Клевета – одно из самых грязных, бессмысленных и злобных преступлений, свойственных человеческой натуре; ее в равной мере отвергает и христианская и языческая мораль, она враждебна законам нашей нации, нашей природе и нашему Господу. Если мы высказали ложь, то несем ответственность за все беды, которые она причинила, хотя часто мы лишены способности излечивать раны, которые нанесли.
Доброе имя человека часто служит опорой для него, для его семьи и тех беспомощных созданий, которых он опекает; для кого-то они дороже, чем жизнь, а для других – дороже, чем богатство. Писатель, о котором известно, что он знаком с человеческими чувствами, говорит: "Он, который лишил меня доброго имени, украл то, что его не обогатит, а вот я действительно обеднел".

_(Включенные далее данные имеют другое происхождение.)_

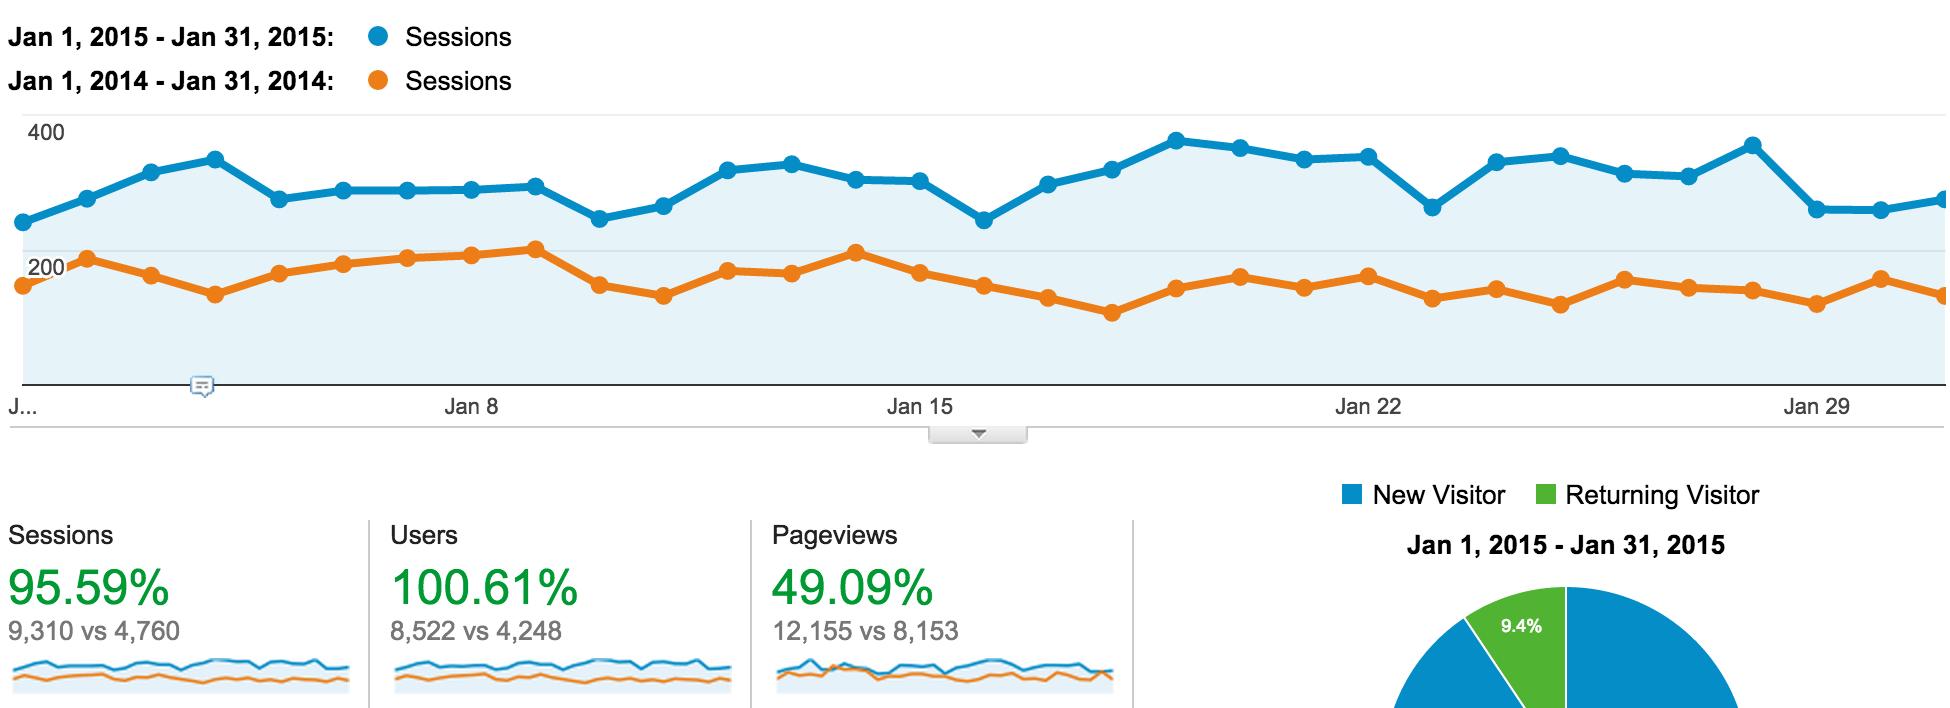 jan14-jan15-traffic-comparison

Это верх трусости – нападать на человека из-за спины или кидаться на него, когда он ни о чем не подозревает, ибо это наносит урон такому уязвимому понятию, как репутация; предельно несправедливо осуждать человека без весомых доказательств его вины или лишать обвиняемого привилегии защиты, и это не по-христиански – поступать с другими так, как мы не хотели бы, чтобы они поступали с нами. И до чего унизительна бывает ситуация для клеветника, когда он сталкивается с жертвой своей злобы и трусливо отрекается от своих слов, или пытается смягчить их, или же, может быть, возлагает свои прегрешения на того, кто отсутствует.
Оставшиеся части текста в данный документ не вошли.